Third, as alluded to before, the regulators are treating substantively similar conduct in very different ways. The same communication delivered by phone or email can, if sent via iMessage, be a legal breach subject to internal and regulatory sanction.

And this underlines the central conundrum: there is no logical endpoint to the policy. It is only practical limitations that explain the demand for every written communication (no matter how informal or slapdash) but not oral ones. If regulators want an audit trail for every communication, then they need a panopticon to record every interaction and conversation, including meetings and telephone calls. In George Orwell’s 1984 the Ministry of Truth installed telescreens in every home to record domestic conversations. Should we be installing chips and microphones on every investment banker?

It probably won’t end up there. Most likely, the outcome will be some token firings pour encourager les autres, some warning letters and substantial industry fines, and promises to install more expansive monitoring.

At one level, it is difficult to see how this crackdown will better protect investors or safeguard market integrity. To the extent there are bad actors, they will use the auto-delete functions on one of the encrypted platforms, or meet in person. Indeed, some early settlements have not turned up any substantive misconduct that was hidden through use of alternate communication platforms.

At another level, financiers have no excuse for not following the rules. They’ve been told for several years to use only approved communication tools and to avoid messaging apps for anything business-related.
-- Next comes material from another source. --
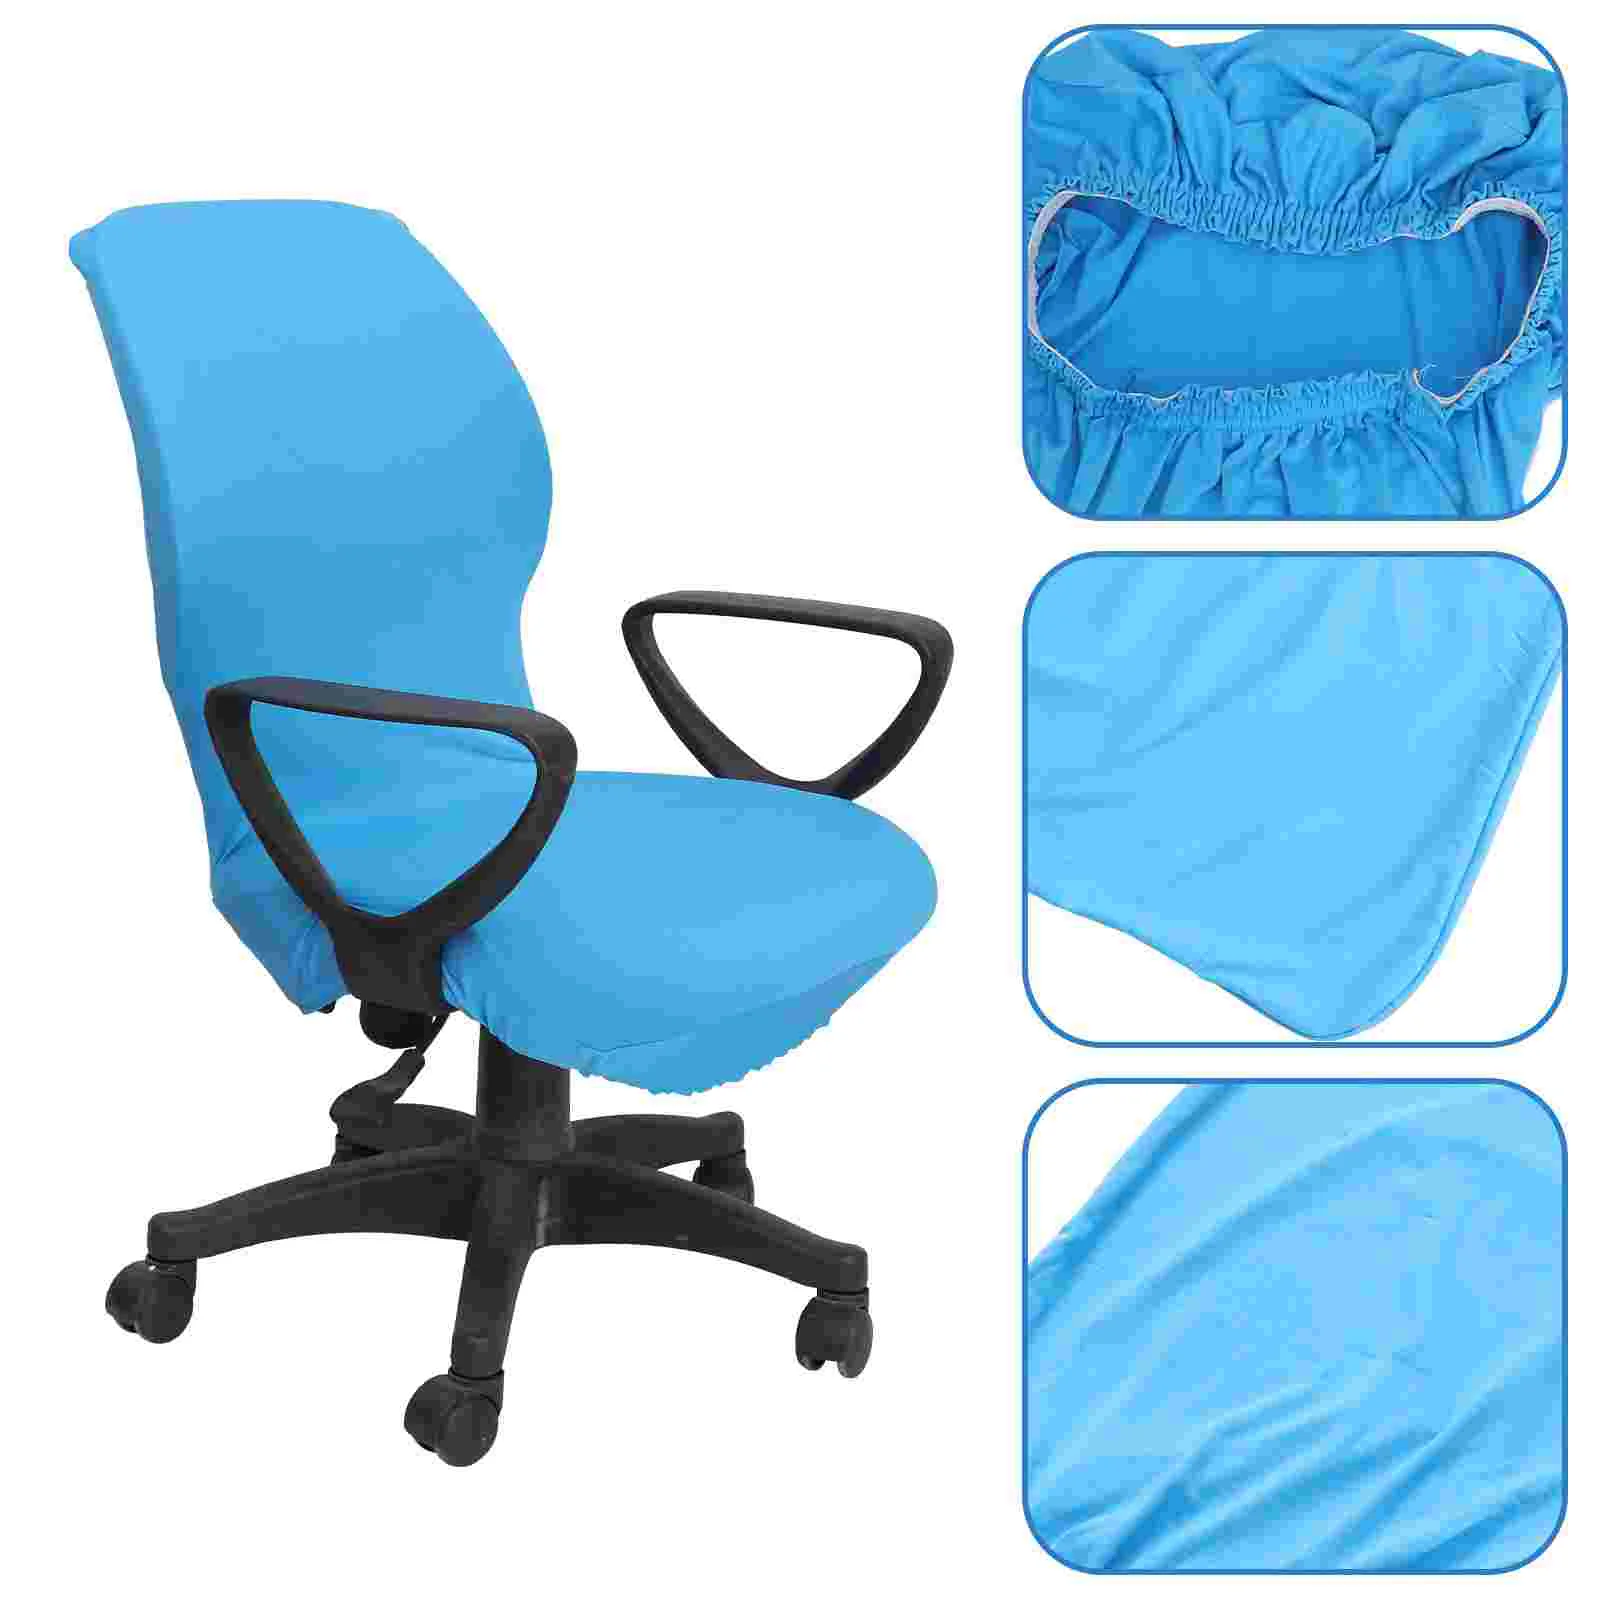 

Chair Covers Cover Office Computer Slipcover Desk Stretch Rotating Slipcovers Swivel Elastic Black Stretchy Universal Fabric

Internal and external compliance staff have hammered this message repeatedly.

Effectively, then, the watchdogs are enacting their own version of the “broken windows” theory of enforcement, whereby minor violations risk fomenting more serious misbehavior if they are not immediately punished. At the very least, the regulators are able to remind financiers that they are under constant surveillance and should mind their p’s and q’s at all times and that if they try to circumvent monitoring (even — especially — out of mere convenience or laziness), they — and/or their employers — will be presumed guilty of . . . something.